Но даже ложась вовремя (при первых же звуках вроде как виолончели), Конрад всё равно просыпал завтрак. Таблетки оказывали на него убойное воздействие, и он стал спать по одиннадцать часов в сутки – ни то ни сё, ни богу свечка, ни чёрту кочерга. Он предпочёл бы спать все двадцать четыре. Чтобы не слышать грозных окриков типа: «Вы опять лазили в холодильник?!»
В таких случаях он отвечал:
– Не могу отказать себе в единственной радости… Других – нет.
Но снова и снова:
– Вашими усилиями засорена мойка!
– Вы опять сожгли чайник!
– Вы можете за собой не свинячить?
На это Конрад ничего ответить не мог и торопился загладить свою вину. Но результатом его стараний, как правило, было ещё большее загрязнение, засорение, разорение, мерзость запустения, и приходилось подключать к восстановительно-очистительным работам Стефана, который был этим весьма недоволен. Но в первую очередь, конечно же, – вредным, пакостным, недоделанным – этим.

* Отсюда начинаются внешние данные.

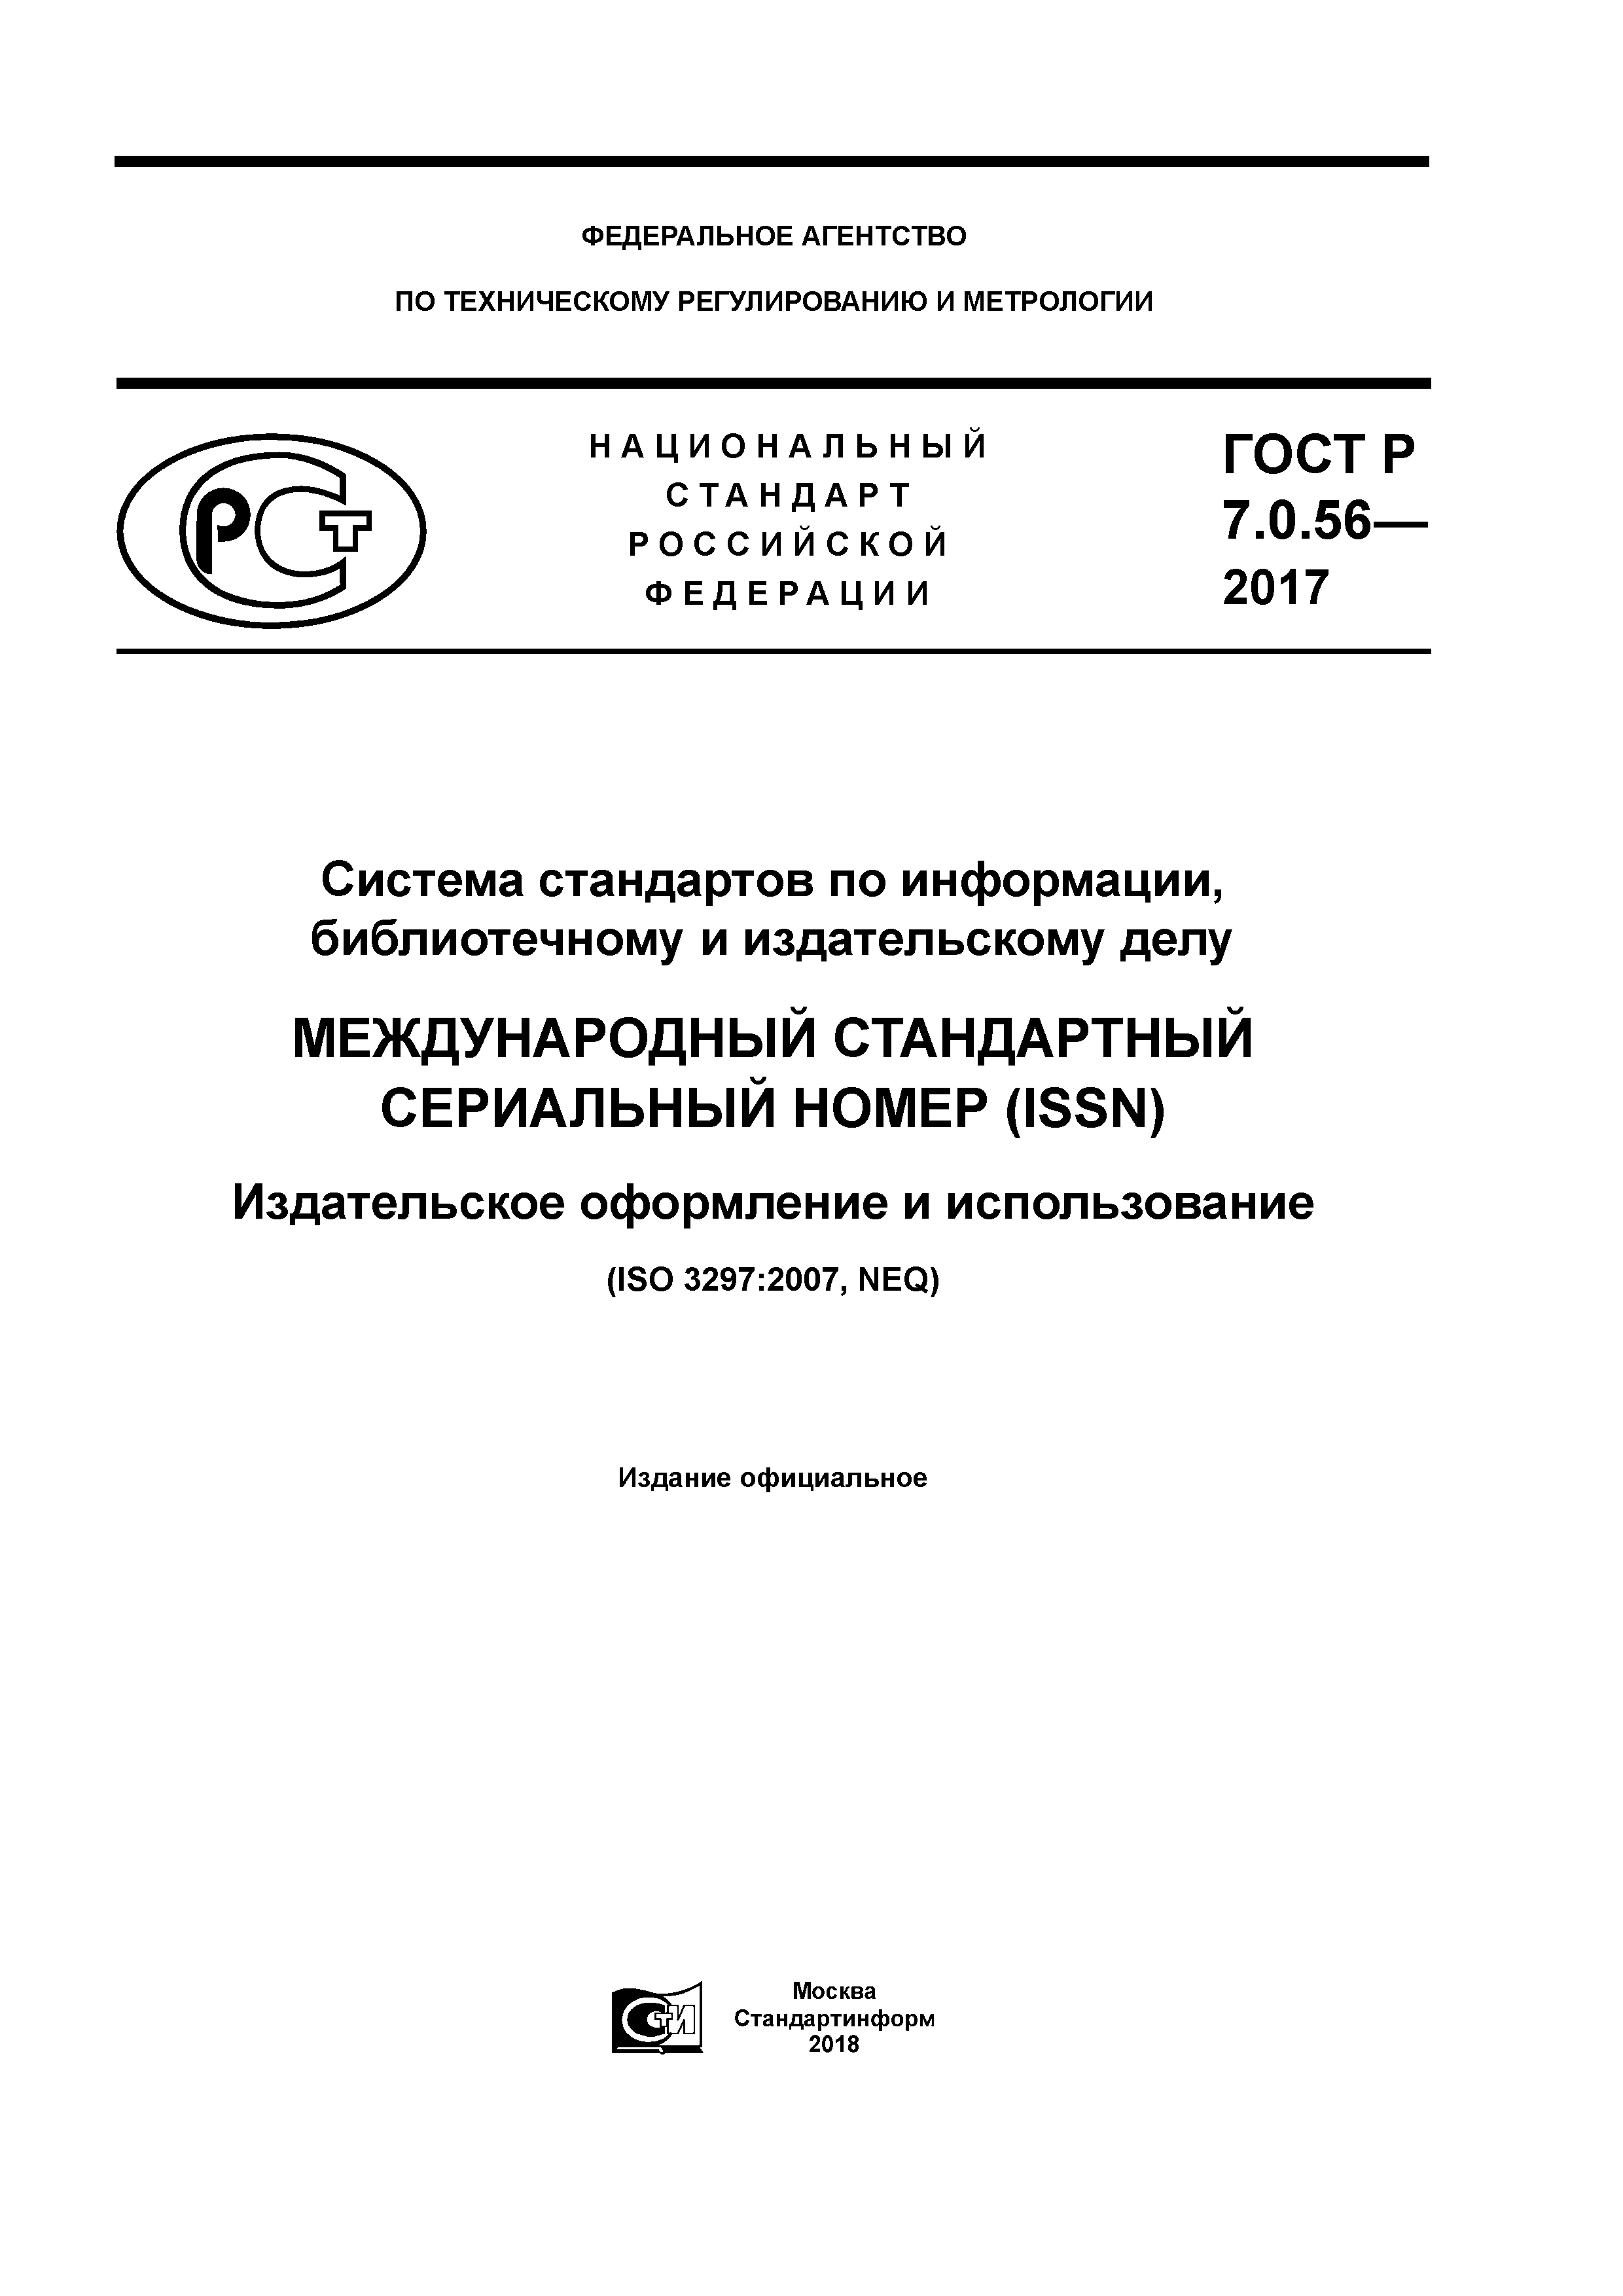 ГОСТ Р 7.0.56-2017

Со временем Конрад насобачился вовремя говорить Анне «С лёгким паром!» и, очистив душу её музыкой, приобщался к её мятному запаху в бане. Там он без энтузиазма, но добросовестно тёр кусачим мочалом впалую грудь и намечающееся брюшко, а потом долго сох на крыльце. Соорудит самокруточку и мирно себе дымит с отверстыми зеницами, вперив их в чёрный зенит.
И дом Клиров снова исполнился благоухания садовых цветов, а не мужских подмышек.
…Как-то раз, устав от тотальной неумелости Конрада, Стефан презрительно процедил сквозь зубы:
– А что ты вообще, можешь, солдатик?
– Могу копать, – привычно ответил Конрад.
– А ещё что можешь?
– Могу не копать, – с готовностью повторил Конрад где-то слышанное бонмо.
– Це похвально, – назидательно изрёк Стефан. – Так вот: сегодня нам с тобой придётся именно что – копать. Новую яму для компоста спроворить нужно.
– Завсегда пожалуйста, – безропотно просипел Конрад. Он, похоже, даже рад был в кои-то веки подержать в руках что-то острое.
Назвался груздем – не говори, что не дюж. Конрад вскоре был олопачен, в смысле вооружён лопатой, другая такая же возникла на плече Стефана. Землекопы отправились в дальний угол лесного участка, прикинули размеры и очертания будущей ямы. Скинули наземь рубахи, поплевали на ладони – и вонзили лопаты в землю.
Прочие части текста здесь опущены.